I'll be referencing and using the first diagram from this wiki page. I want to convince myself that the $\operatorname{Hom}(\_,Y)$ functor preserves coproducts. So, I'll start by applying $\operatorname{Hom}(\_,Y)$ to the objects of the diagram. We get maps $\operatorname{Hom}(X_1,Y)$, $\operatorname{Hom}(X_2,Y)$ and $\operatorname{Hom}(X_1\amalg X_2,Y)$. The category sets is cartesian closed hence we can take $\operatorname{Hom}(X_1,Y)\times \operatorname{Hom}(X_2,Y)$ to be an element of the category we land in. Finally, by the universal mapping property (UMP) of the coproduct we have that
$$
\operatorname{Hom}(X_1,Y)\times\operatorname{Hom}(X_2,Y) \cong\operatorname{Hom}(X_1\amalg X_2,Y)
$$
I'm a little worried by my use of the UMP. I know the isomorphism $\operatorname{Hom}(X_1,Y)\times\operatorname{Hom}(X_2,Y) \cong\operatorname{Hom}(X_1\amalg X_2,Y)$ is true and that I'm supposed to use the UMP somehow (basically it's the only property at my disposal) but I was hoping someone could elaborate for me.

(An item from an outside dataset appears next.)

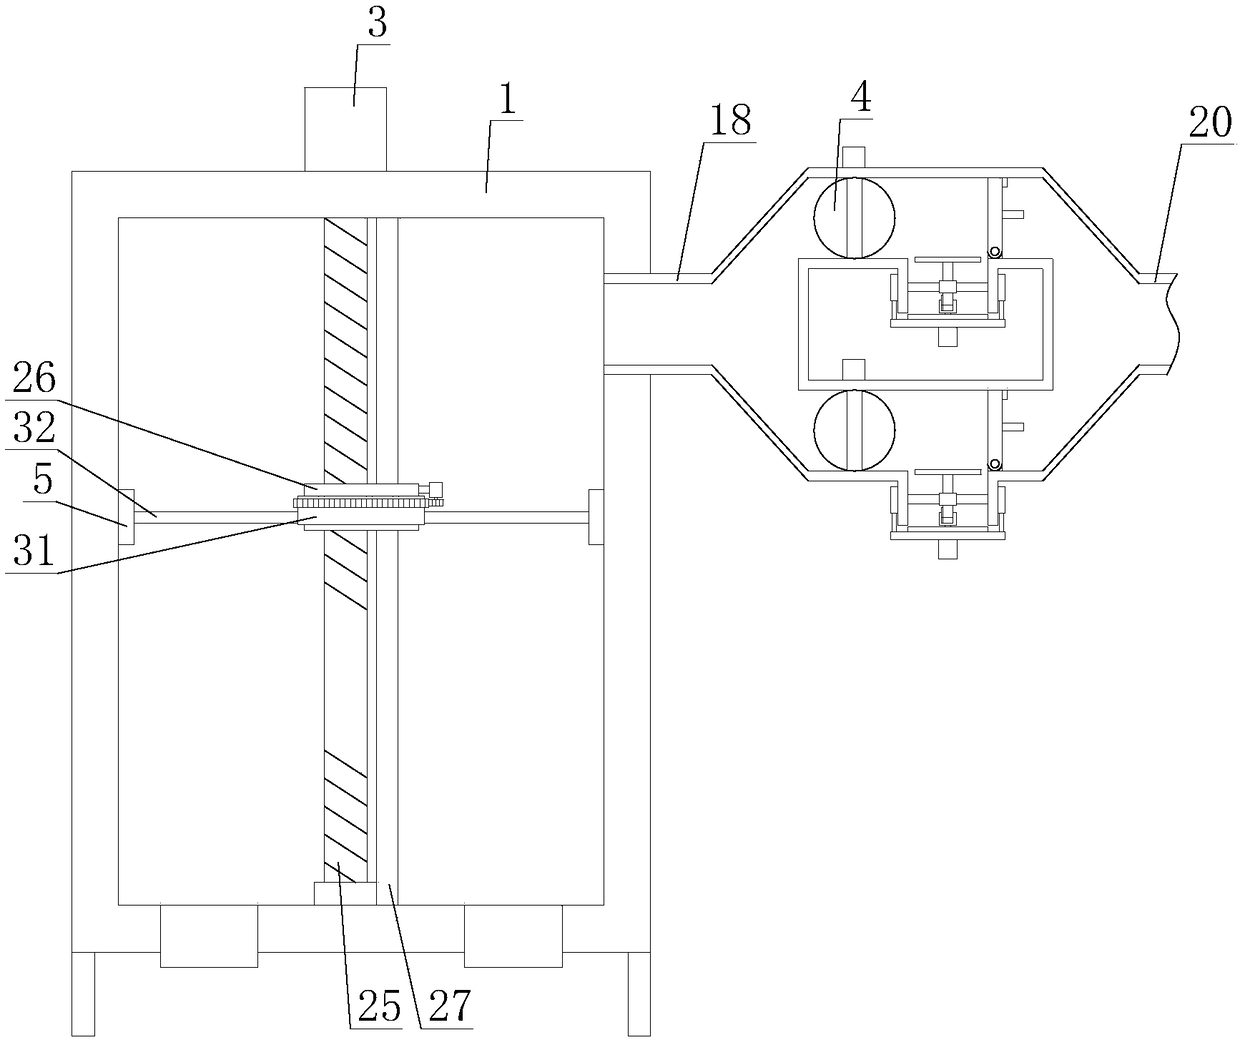 Boiler with pipeline impurity cleaning function based on Internet of Things

Should I be trying to use that fact that the contravariant $\operatorname{Hom}$ functor takes morphisms, say $f:X\to Y$, to precomposition with $Hom(X,Y)$?
Best Answer
First, recall that the UMP states:
The first portion of the UMP says that we have a well defined map $$\operatorname{Hom}(X_1,Y)\times\operatorname{Hom}( X_2,Y)\to\operatorname{Hom}(X_1\amalg X_2,Y).$$ sending every $(f,g)\in\operatorname{Hom}(X_1,Y)\times \operatorname{Hom}(X_2,Y)$ to $f\amalg g$. Now, given any map $\phi:X_1\amalg X_2\to Y$, we can define maps $$\phi_1:=\phi\circ i_1:X_1\to Y\quad\text{and}\quad \phi_2:=\phi\circ i_2:X_2\to Y.$$ By the uniqueness portion of the UMP, we must have $\phi=\phi_1\amalg \phi_2$. Thus the map is surjective. I'll leave injectivity as an exercise.